Errors
HTTP status codes, error response format, and common error codes for the Warpflow Signals API.
Error response format
All error responses follow a consistent JSON structure:
{
"error": "ERROR_CODE",
"message": "Human-readable description of what went wrong",
"status": 400
}| Field | Type | Description |
|---|---|---|
error | string | Machine-readable error code (uppercase, underscored) |
message | string | Human-readable explanation |
status | number | HTTP status code |
HTTP status codes
2xx — Success
| Status | Meaning |
|---|---|
| 200 | Request processed successfully |
| 202 | Accepted — event queued for async processing |
4xx — Client errors
| Status | Code | Meaning | What to do |
|---|---|---|---|
| 400 | VALIDATION_ERROR | Request body failed schema validation. The message field describes which field is missing or malformed | Check the payload against the endpoint's expected schema |
| 401 | UNAUTHORIZED | Missing or invalid Authorization header | Verify your API key is correct and active. Check that the header format is Bearer <key> |
| 403 | FORBIDDEN | Valid authentication but insufficient permissions for this operation | Check that your key has access to the requested tenant |
| 403 | HIPAA_RESTRICTED | This endpoint is disabled for HIPAA-enabled tenants | Use OAuth2 (Cognito) instead of API keys for HIPAA tenants. Email endpoints are unavailable for HIPAA tenants |
| 404 | NOT_FOUND | The requested resource doesn't exist | Check the tenant_id, lead_id, contact_id, or other identifiers in the URL |
| 409 | CONFLICT | Resource conflict (e.g., attempting to create a duplicate) | The resource already exists. Use PATCH to update instead |
| 429 | RATE_LIMITED | Too many requests | Wait for the duration specified in the Retry-After header before retrying |
5xx — Server errors
| Status | Code | Meaning | What to do |
|---|---|---|---|
| 500 | INTERNAL_ERROR | Unexpected server error | Retry after a short delay. If persistent, contact support |
| 503 | SERVICE_UNAVAILABLE | Temporary service disruption (upstream dependency failure) | Retry with exponential backoff |
Common scenarios
Invalid API key
401 Unauthorized
{
"error": "UNAUTHORIZED",
"message": "Invalid or expired API key",
"status": 401
}Causes:
- Key was revoked or rotated past the 72-hour grace period
- Key prefix doesn't match any active key
- Missing
Bearerprefix in the Authorization header
Missing required field
400 Bad Request
{
"error": "VALIDATION_ERROR",
"message": "content.body is required",
"status": 400
}Fix: Include the content.body field in your webhook payload. See Webhooks for the full payload schema.

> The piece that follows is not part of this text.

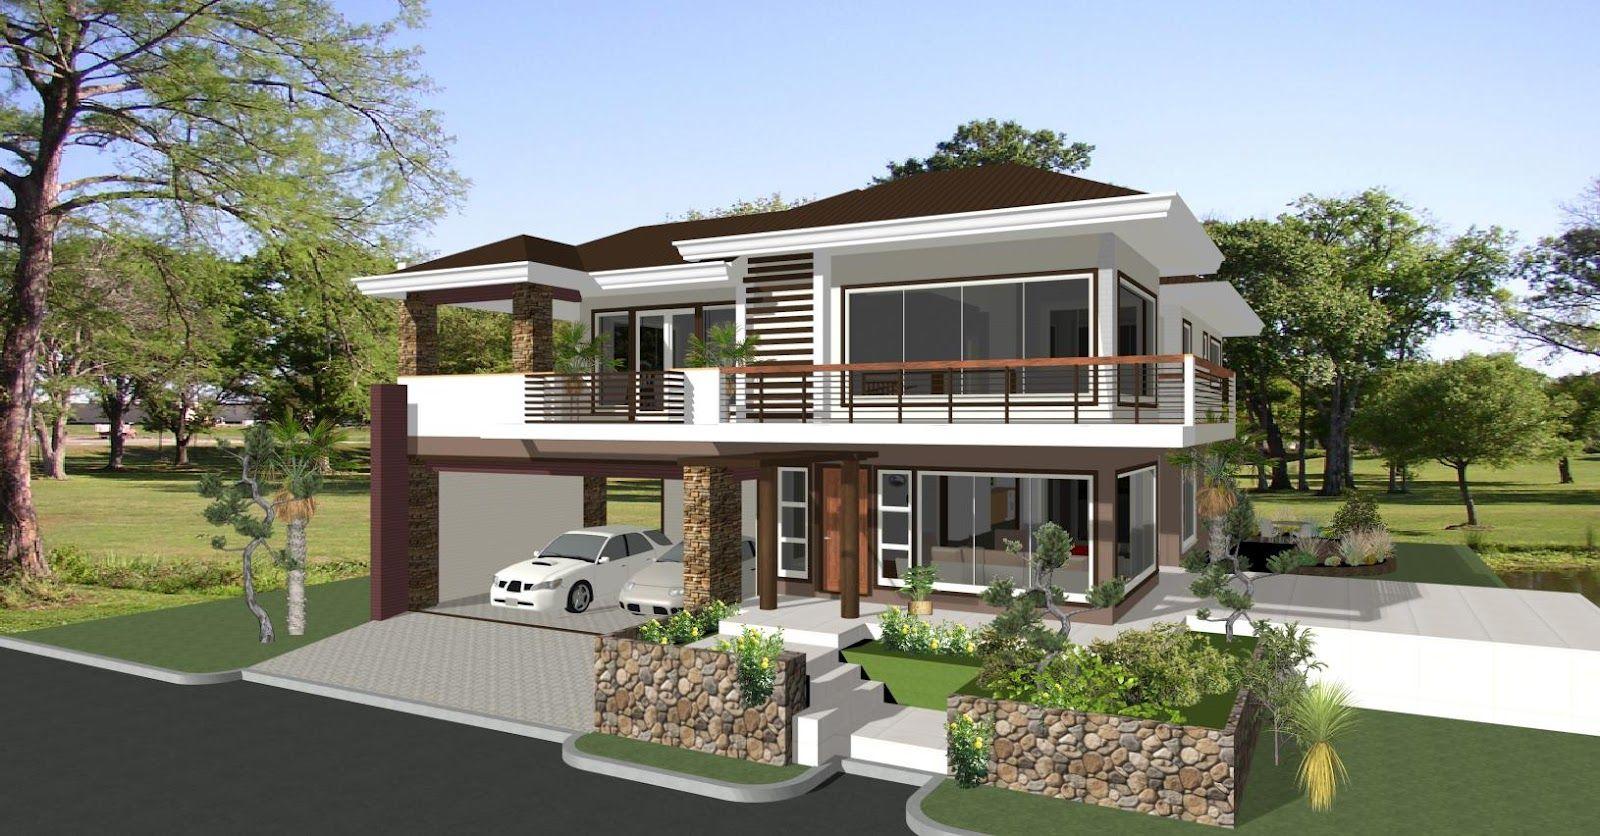 Innenfarbe im haus architektur haus design  loungemöbel  loungemöbel  pinterest

HIPAA tenant accessing email
403 Forbidden
{
"error": "HIPAA_RESTRICTED",
"message": "Email endpoints are not available for HIPAA-enabled tenants",
"status": 403
}Why: The Nylas standard plan does not include a BAA. HIPAA compliance requires all email processing to be covered by a Business Associate Agreement. Contact support if you need HIPAA-compliant email.
Rate limited
429 Too Many Requests
Retry-After: 30
{
"error": "RATE_LIMITED",
"message": "Rate limit exceeded. Retry after 30 seconds.",
"status": 429
}Fix: Implement exponential backoff or throttle your request rate. For bulk operations, add a short delay between requests.
Retry strategy
For transient errors (429, 500, 503), implement exponential backoff:
async function fetchWithRetry(url, options, maxRetries = 3) {
for (let attempt = 0; attempt <= maxRetries; attempt++) {
const response = await fetch(url, options)

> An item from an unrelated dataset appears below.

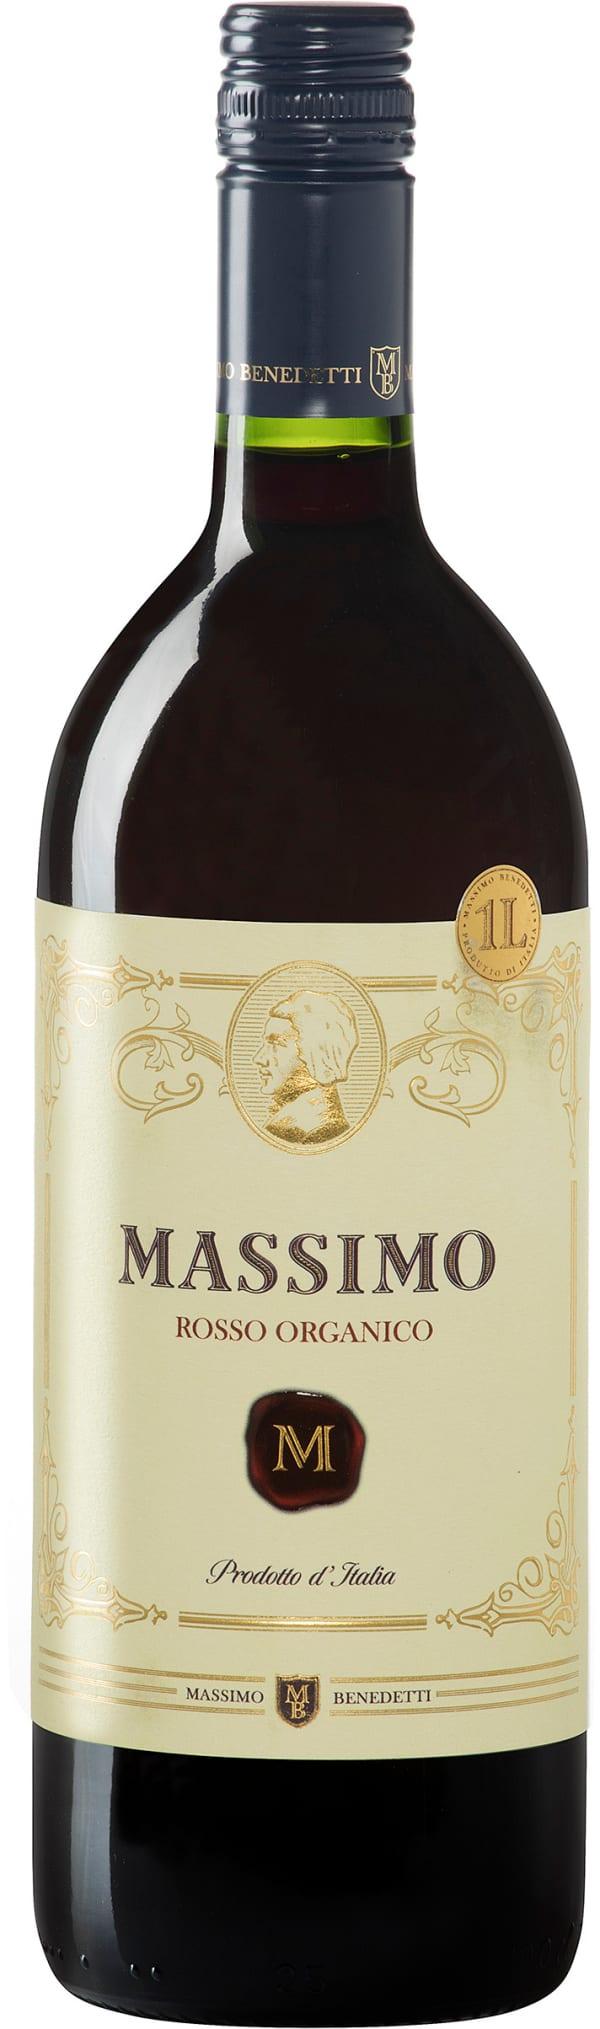 Massimo Rosso Organico 2017

if (response.ok) return response.json()
if (response.status === 429 || response.status >= 500) {
const retryAfter = response.headers.get('Retry-After')
const delay = retryAfter
? parseInt(retryAfter) * 1000
: Math.min(1000 * Math.pow(2, attempt), 30000)
await new Promise((resolve) => setTimeout(resolve, delay))
continue
}
// Non-retryable error
throw new Error(`API error: ${response.status}`)
}
throw new Error('Max retries exceeded')
}Do not retry 400, 401, 403, or 404 errors — these indicate a problem with the request that won't be fixed by retrying.